Ou, como diz Donald Eric Burton, “sem proteção contra a dupla incriminação, a capacidade do réu de conduzir sua vida seria impedida pelo medo de nova exposição à vergonha, ao custo e ao suplício do processo. Assim, a garantia protege o interesse do acusado à tranquilidade, ou seu interesse em poder, de uma vez por todas, concluir seu confronto com a sociedade.”


[1] De acordo com Eric Grossi Morato, o termo morte encefálica surgiu no final da década de 50, inicialmente descrita coma depasée. A realização do primeiro transplante cardíaco na África do Sul, em 1967, destacou a necessidade de critérios mais específicos para a determinação do coma irreversível e, assim, de quais pacientes poderiam doar órgãos. A Faculdade de Medicina de Harvard, em 1968, organizou um comitê composto de 11 profissionais, sendo sete médicos, um biólogo, um historiador, um jurista e um sociólogo, para definir critérios que permitissem conceituar o estado de coma irreversível, que incluíam coma sem resposta, ausência de movimentos,  de respiração, de reflexos do tronco cerebral associado a EEG isoelétrico. O Royal College of Medicine da Grã-Bretanha introduziu, em 1976, o teste da apneia como tentativa de padronizar e especificar alguns dos critérios já utilizados desde 1968 e também introduziu a opção de se utilizarem outros exames complementares além do eletroencefalograma. O conceito de que a lesão completa do tronco cerebral era incompatível com a vida foi determinado nessa revisão. A presença de reflexos medulares, observados em 20 a 70% dos pacientes, não foi considerada inviabilizadora do diagnóstico de morte encefálica. Os critérios atuais de morte encefálica são mundialmente aceitos e respaldados por leis específicas (Morte encefálica: conceitos essenciais, diagnóstico e atualização. Revista Médica de Minas Gerais, vol. 19.3, p. 227-236, Jun/Ago, 2009).

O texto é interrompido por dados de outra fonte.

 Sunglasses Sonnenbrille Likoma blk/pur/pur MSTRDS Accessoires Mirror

[2]  Lei nº 9.434, de 4 de fevereiro de 1997.

[3] Vale observar que morte encefálica não é o mesmo que morte cortical, pois nesta há unicamente o comprometimento da vida de relação, permanecendo reguladas pelo tronco cerebral a respiração e a circulação, sem a necessária ajuda de meios artificiais.

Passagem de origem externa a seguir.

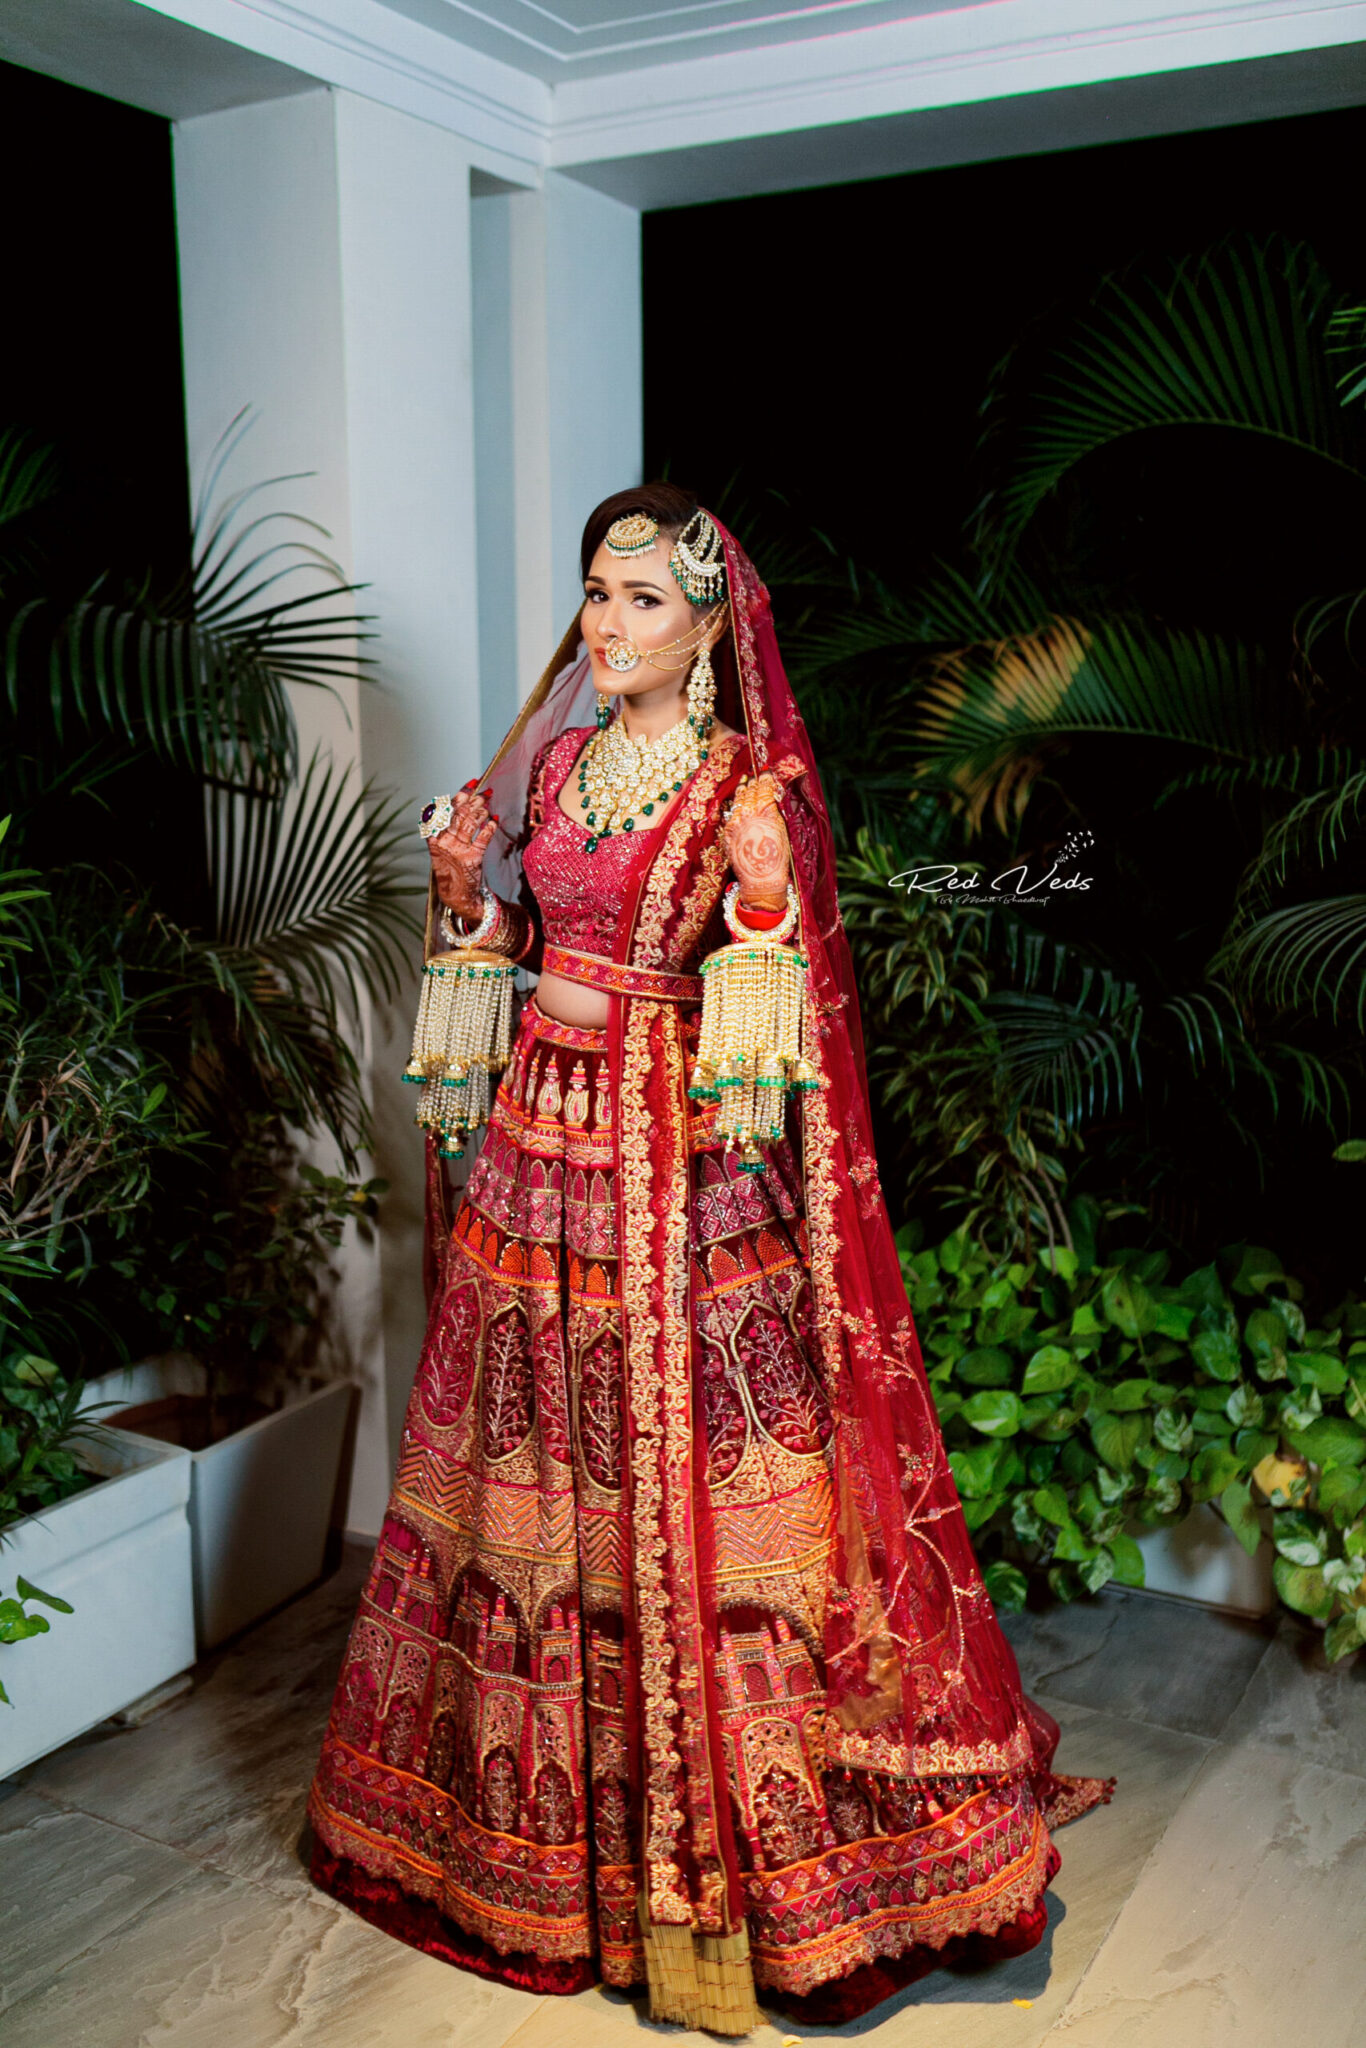 180 Girl potret ideas | bridal photography poses, indian wedding  photography poses, indian wedding photography couples

[4] Resolução 1.480/97, atualizada pela Resolução 2.173/17. Envolve uma série de procedimentos e exames clínicos por dois médicos que não participem das equipes de remoção e de transplante, tenham experiências mínimas de um ano no atendimento de pacientes em coma e dez diagnósticos de morte encefálica, especializados em medicina intensiva, neurologia, neurocirurgia ou medicina de emergência.

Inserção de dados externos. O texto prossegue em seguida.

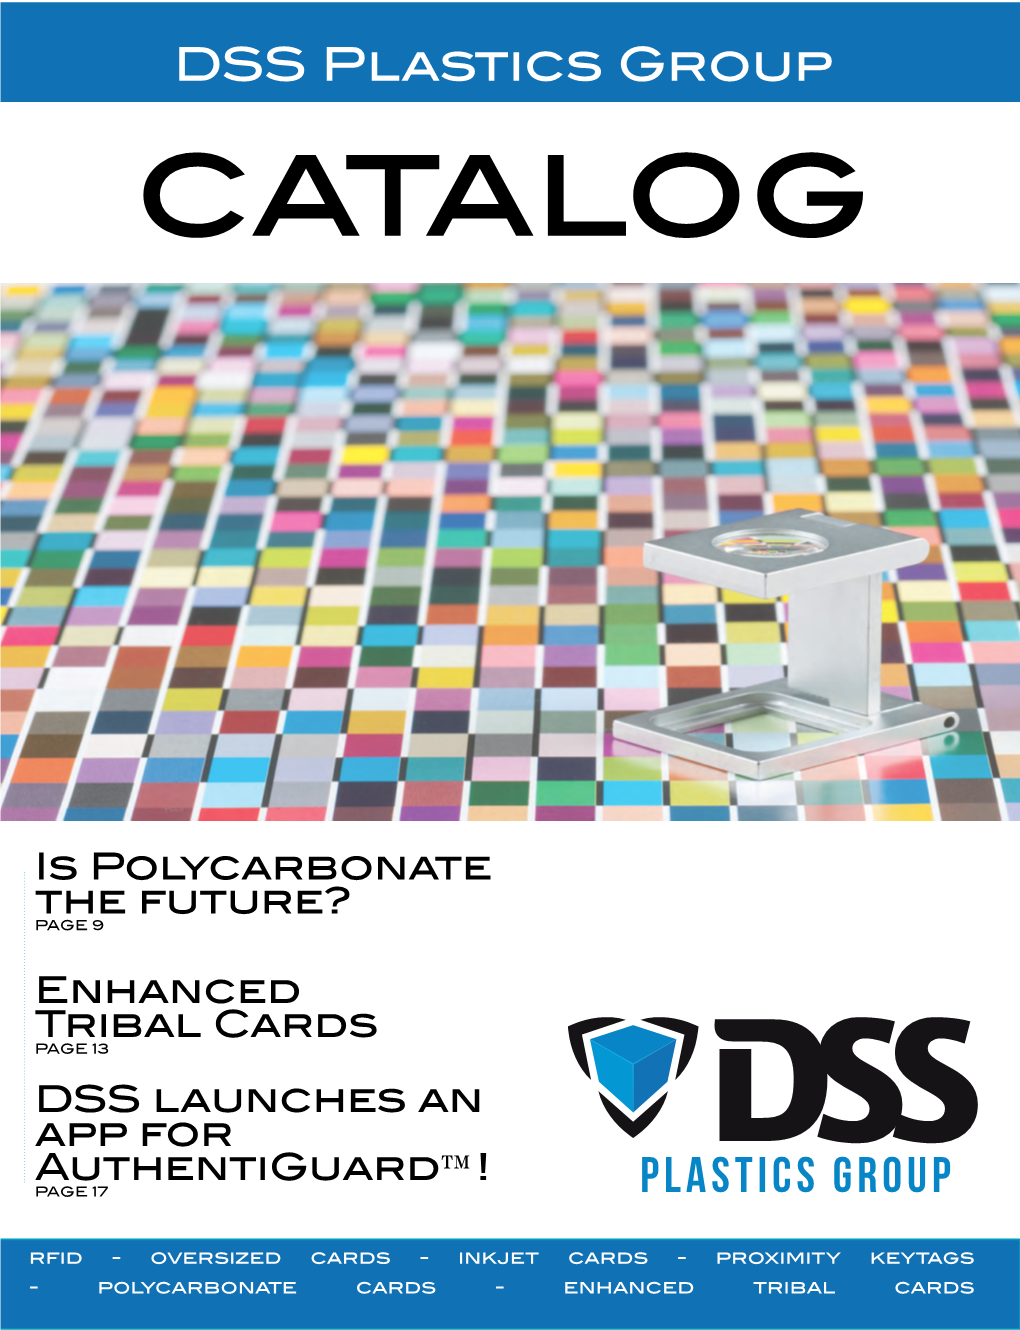 DSS Plastics Group 2017 Catalog

[5] Dentre as principais causas da morte encefálica, físicas ou patológicas, destacam-se o traumatismo craniano provocado por agressões na cabeça, o edema cerebral, o aumento da pressão intracraniana decorrente de doenças ou traumas, a parada cardiorrespiratória por vento patológico, falta de oxigênio no cérebro, acidente vascular cerebral interrompe a irrigação do cérebro pelo sangue, tumores cerebrais e overdose de medicamentos ou drogas ilícitas. Em todas essas causas da morte cerebral, uma grave agressão ao encéfalo paralisante das atividades vitais do paciente é o denominador comum.

[6] Art. 8º, 4.

[7] Ninguém pode ser julgado duas (ou mais) vezes pelo mesmo fato, https://emporiododireito.com.br/leitura/ninguem-pode-ser-julgado-duas-ou-mais-vezes-pelo-mesmo-fato

[8] Um olhar mais atento sobre a Suprema Corte e a cláusula de dupla incriminação. Jornal de Direito do Estado de Ohio,Columbus, v. 49, n. 3, 1988, p. 803.